President Donald Trump’s picks for the National Labor Relations Board overturned a major precedent from the Obama years Thursday, delivering a blow to labor unions and a big win to McDonald’s and other large corporations.
In a 3-2 ruling, the Republican majority tightened the standards for determining when a company qualifies as a “joint employer” for the purposes of labor law. As a result, it will be harder for unions and workers to file complaints against fast-food chains or other big companies that rely on franchisees and contractors to oversee work.
The two Democratic members dissented.
Earlier this year, McDonald’s was put on trial as a potential joint employer so that it might be held responsible for violating the rights of workers employed by its franchisees. That case has not been ruled on yet, and the change in precedent Thursday could knock a hole in the workers’ argument.

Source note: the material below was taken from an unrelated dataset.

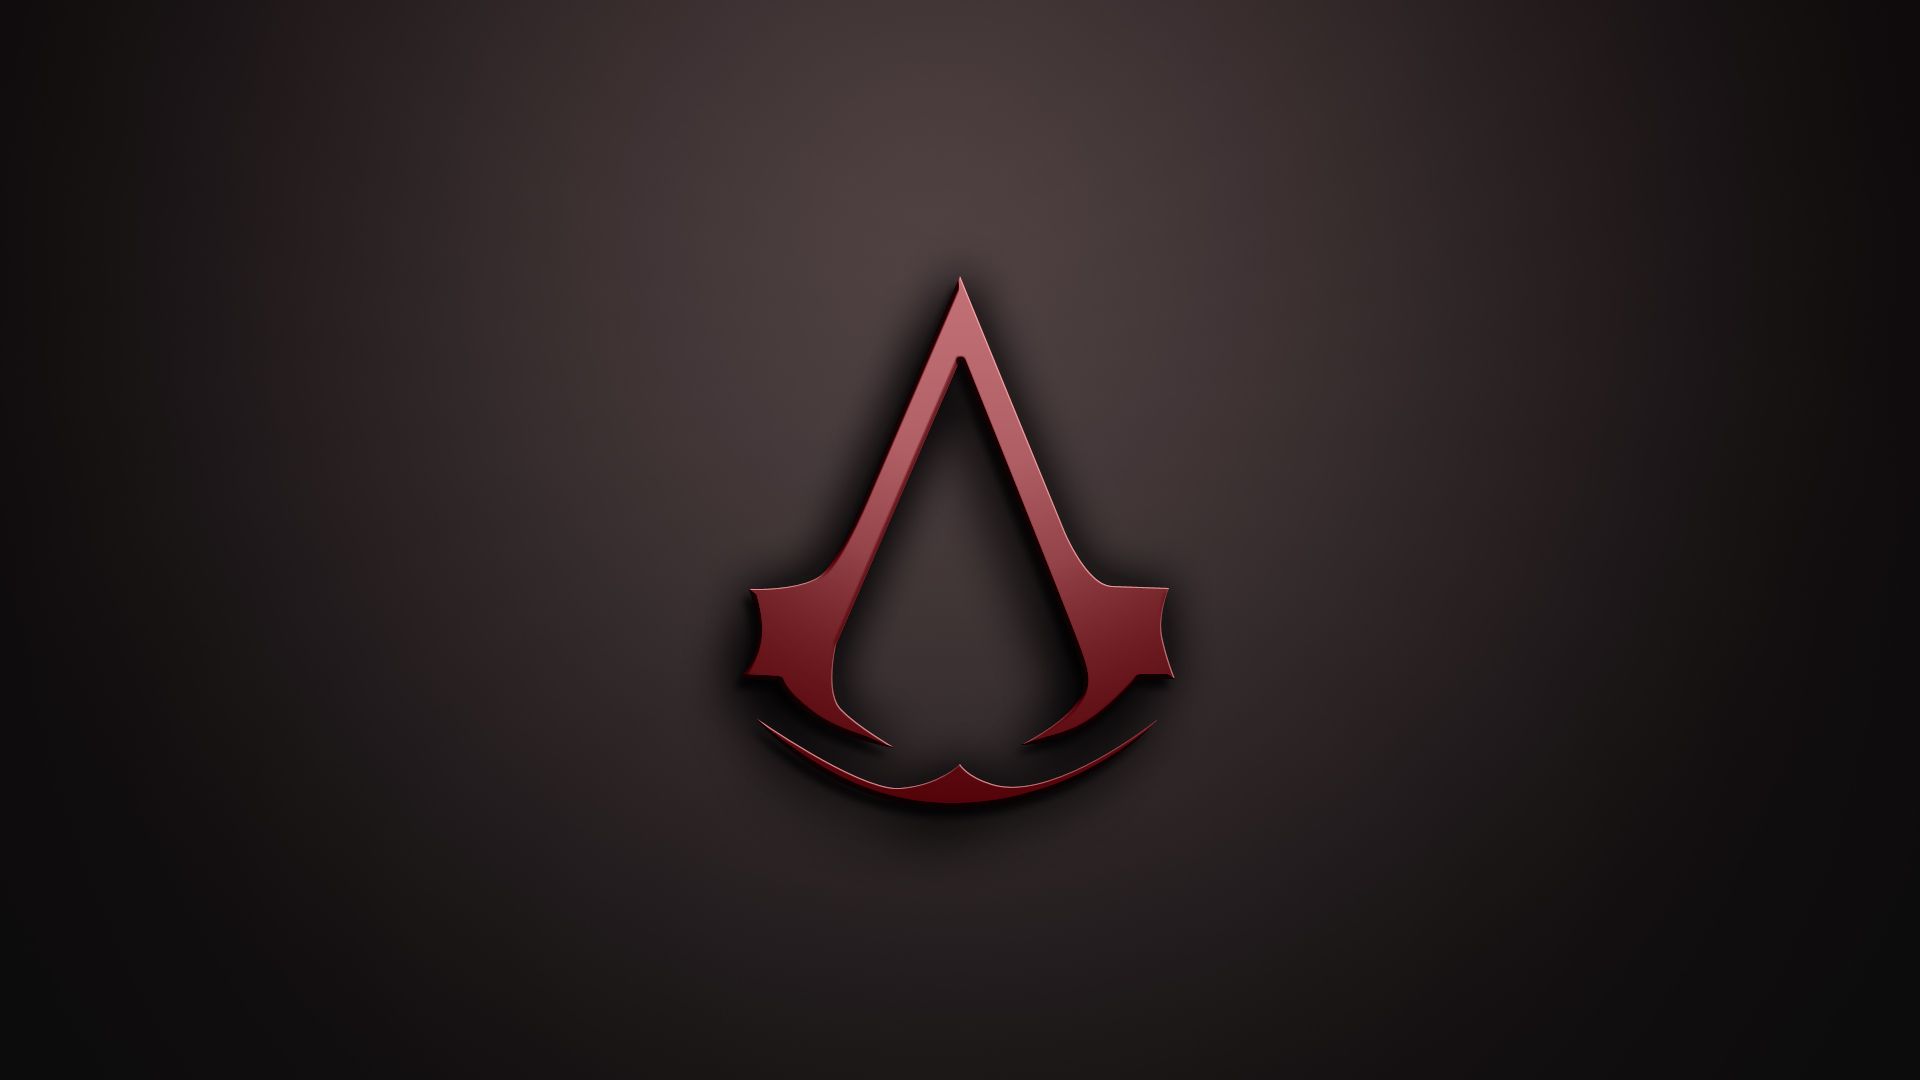 Geek Wallpaper. Assassins creed logo, Assassins creed game

While business groups cheered the policy change, labor groups and Democrats condemned it as a setback for worker rights.
“This shocking and brazen decision to overturn pro-worker precedent is further proof the Trump Administration will stop at nothing to line the pockets of corporations — no matter what price workers and their families are forced to pay,” Sen. Patty Murray (D-Wash.), the ranking Democrat on the Senate’s labor committee, said in a statement after the ruling.
The NLRB is an independent agency that referees disputes between employers and unions, though the policies it sets affect all private-sector workers, whether they’re in unions or not. Trump recently filled two vacancies on the board with Republican picks, flipping the board from liberal to conservative for the first time in eight years.
The board under President Barack Obama issued a number of decisions that enraged employer groups, the joint employer ruling chief among them. The then-liberal majority said that companies shouldn’t be able to dodge their responsibilities to workers by using subcontractors or franchisees. If a company at the top of the contracting chain exerts control over the working conditions at the bottom, they reasoned, then it should qualify as an employer.
The ruling Thursday reverts to an older standard for joint employment that makes it harder to hold the company at the top accountable.
The National Restaurant Association, a leading industry lobby, said Thursday that it “applauds” the new ruling. “Today’s decision restores years of established law and brings back clarity for restaurants and small businesses across the country.”